ABSTRACT
Purpose
To determine the rate of symptomatic venous thromboembolism (VTE) among patients undergoing
arthroscopic knee procedures, risk factors associated with postoperative VTE, and
current perioperative thromboprophylaxis prescription patterns associated with this
population in the United States (U.S.).
Methods
Medical records for patients ≥18 years of age were queried from the Mariner database
using CPT codes for knee arthroscopy performed in the U.S. from 2010 to 2020 in this
cross-sectional study. Patients who received thromboprophylaxis and those diagnosed
with VTE, including deep vein thrombosis (DVT) or pulmonary embolism (PE), within
90 days of surgery were identified using International Classification of Diseases
(ICD) and National Drug Codes (NDC). Two multivariable logistic regression models
were utilized to identify VTE risk factors and likelihood of perioperative thromboprophylaxis.
Covariates included procedure type, age, oral contraceptive pill (OCP) use, and medical
comorbidities.
Results
A total of 718,289 patients met inclusion criteria and 7,618 patients (1.06%) experienced
VTE, including DVT (n=6,394, 0.9%) and/or PE (n=2,211, 0.3%). A total of 10,769 patients
(1.5%) filled perioperative thromboprophylaxis, including aspirin (n=5,353, 0.7%),
low-molecular-weight heparin (LMWH) (n=4,563, 0.6%) and oral factor Xa inhibitors
(n=947, 0.1%). Perioperative thromboprophylaxis was associated with decreased odds
of experiencing VTE (adjusted odds ratio [aOR]=0.65, 95% confidence interval [CI]=0.51–0.80).
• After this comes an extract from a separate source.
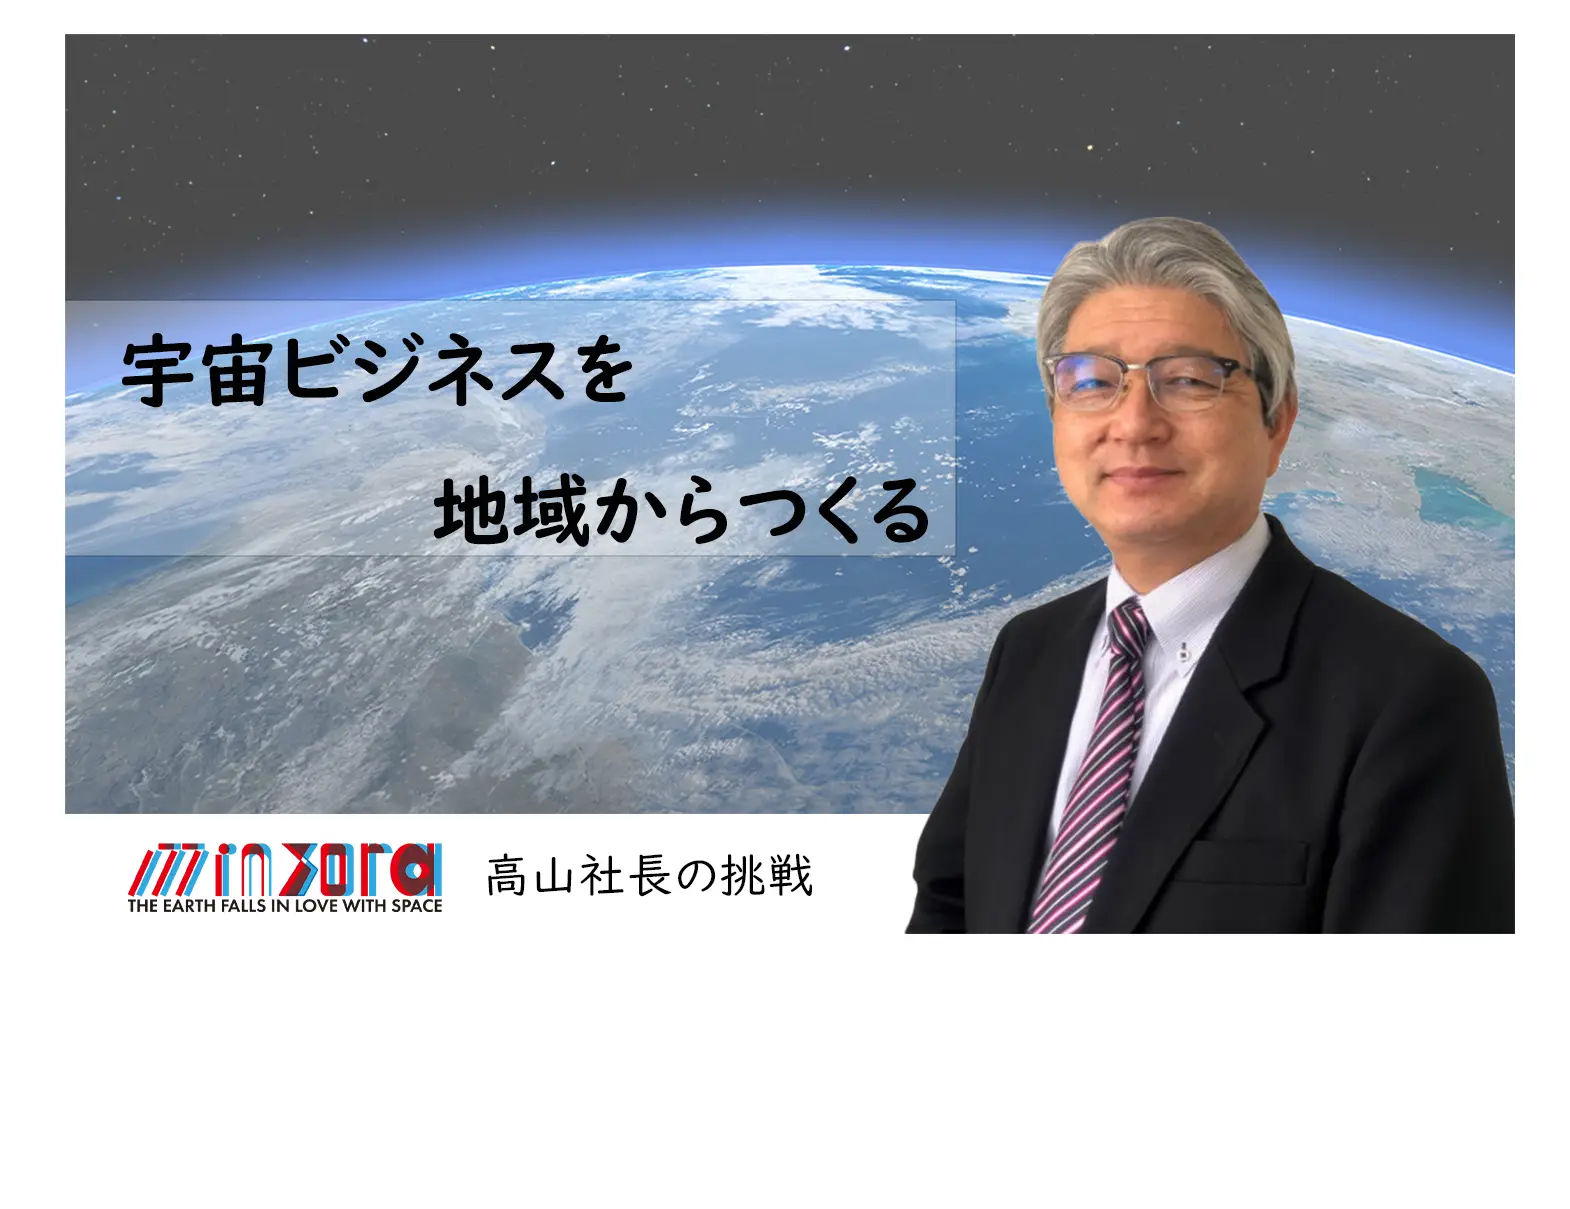 【宇宙ビジネス最前線・下】「地域から宇宙ビジネスをつくる」minsora・高山社長の挑戦

Procedure types categorized as moderate-to-higher risk were associated with increased
odds of VTE (aOR=1.42, 95% CI=1.34–1.50). OCP use (aOR=1.63, 95% CI=1.38–1.91), obesity
(aOR=1.17, 95% CI=1.11–1.24), renal disease (aOR=1.33, 95% CI=1.18–1.50) and congestive
heart failure (CHF) (aOR=1.30, 95% CI=1.13–1.50) were associated with increased odds
of VTE.
Conclusions
While the overall rate of symptomatic VTE following knee arthroscopy remains low,
procedure types that are more complex and generally require restrictive rehabilitation
protocols, OCP use, obesity, renal disease, and CHF are associated with increased
odds of post-operative VTE. Conversely, the use of perioperative thromboprophylaxis
is associated with significantly lower VTE risk.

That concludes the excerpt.